The nation’s trails are disappearing

Over the past decade, I have undertaken the restoration of hundreds of miles of Forest Service trails across the nation, from the Sierra Nevada to the eastern seaboard, often relying on outdated agency maps to locate paths that have vanished from both physical and digital landscapes. I have observed firsthand how a single missing trail line in a dataset can lead to significant discrepancies in federal budget requests, potentially altering appropriations by hundreds of thousands of dollars, as funding requests are directly tied to the total mileage recorded in an agency’s database. Similarly, an "open" trail symbol on the National Map, the comprehensive geospatial database maintained by the U.S. Geological Survey, can obscure years of damage from natural events. Corridors painstakingly cleared and maintained can disappear within a single season without continuous upkeep.

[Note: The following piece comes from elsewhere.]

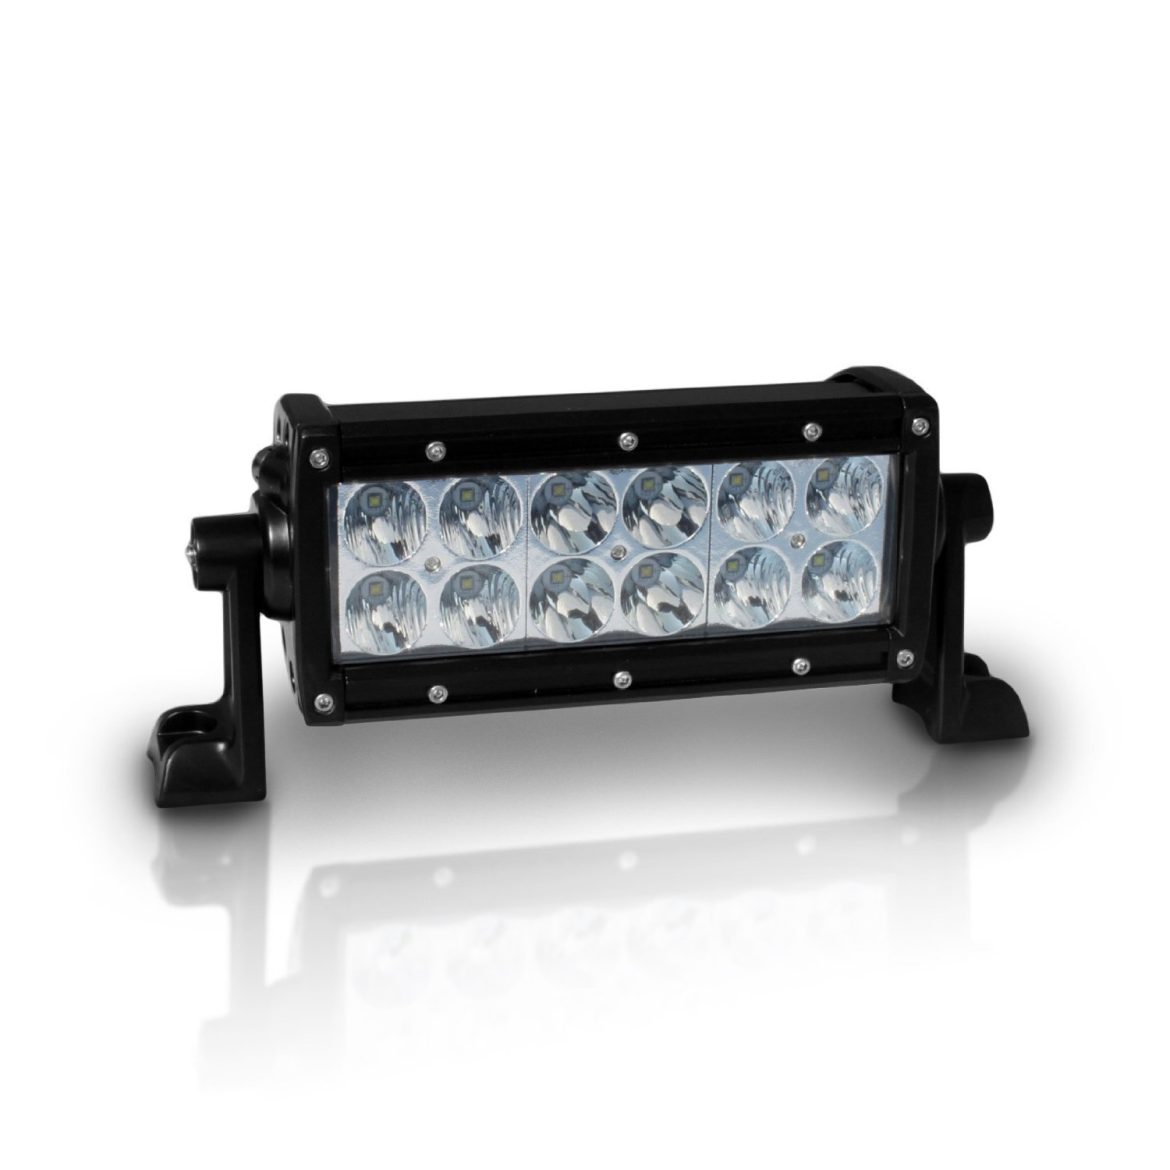 Adding a Dual Row LED Light Bar to Your Truck, Jeep, SUV Or ATV

The U.S. Forest Service manages an immense network, boasting over 370,000 miles of roads—enough to circumnavigate the Earth nearly fifteen times—and approximately 160,000 miles of trails, representing 85% of all trails on federal lands. Despite this vast infrastructure, a 2013 Government Accountability Office report revealed that only about 25% of these trails met agency standards for maintenance and public safety. Alarmingly, just 37% of the national trail network receives any form of maintenance annually, leaving a substantial portion to fade from both the landscape and public awareness.

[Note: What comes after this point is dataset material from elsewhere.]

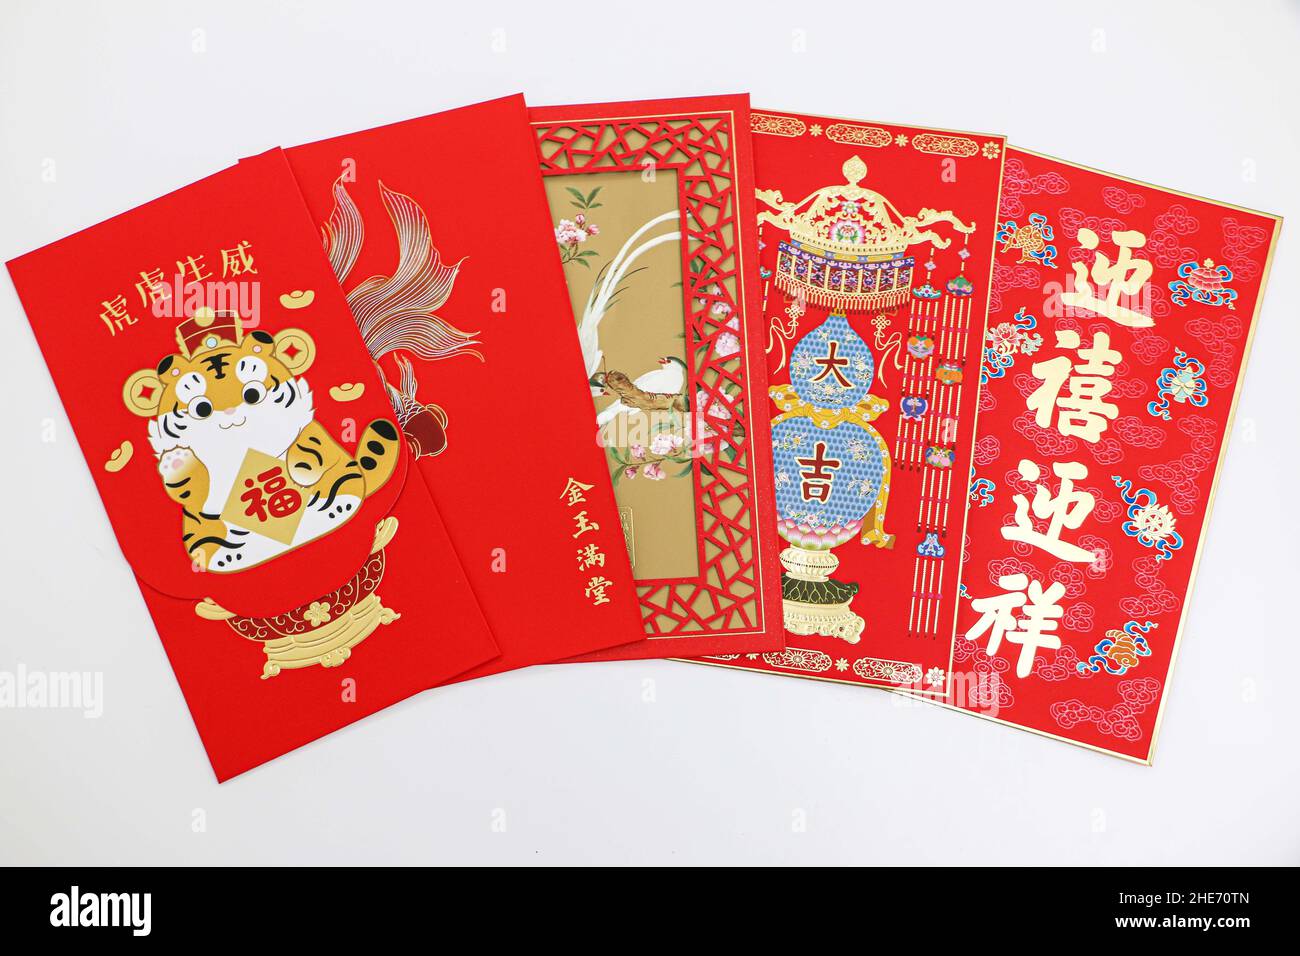 47 Angbao d ideas  red packet, red pocket, red envelope design

A stark internal report released by the Forest Service in December 2025 underscored the dire state of its trail system. A "Trail Program Status Report," shared with me and also obtained by The Washington Post, detailed Forest Service districts experiencing losses of up to 100% of their trail staff, the disappearance of hundreds of years of accumulated trail expertise, and widespread burnout and declining morale. The miles of trails maintained were 22% below average, and the number of miles meeting maintenance standards had dropped by 19%, marking the lowest level in fifteen years.

The nation’s trails are disappearing

This decay is a direct consequence of decades of underfunding. According to a 2022 Congressional report, the agency estimates a $460 million backlog in trail maintenance alone, which is part of a larger $10.8 billion overall infrastructure deficit. Natural disasters such as wildfires, floods, and widespread beetle kill are erasing infrastructure at a pace far exceeding the capacity of available staff to rebuild. Across the Western United States, volunteers and small non-profit organizations have become the de facto caretakers of these national systems.

The maps accompanying this narrative aim to let the landscape and data illustrate the challenges facing trails. Each depicted location tells a version of the same story: due to climate change, natural disasters, wildfire, and a chronic lack of resources, our trails are vanishing at a rate that outpaces our ability to maintain public lands.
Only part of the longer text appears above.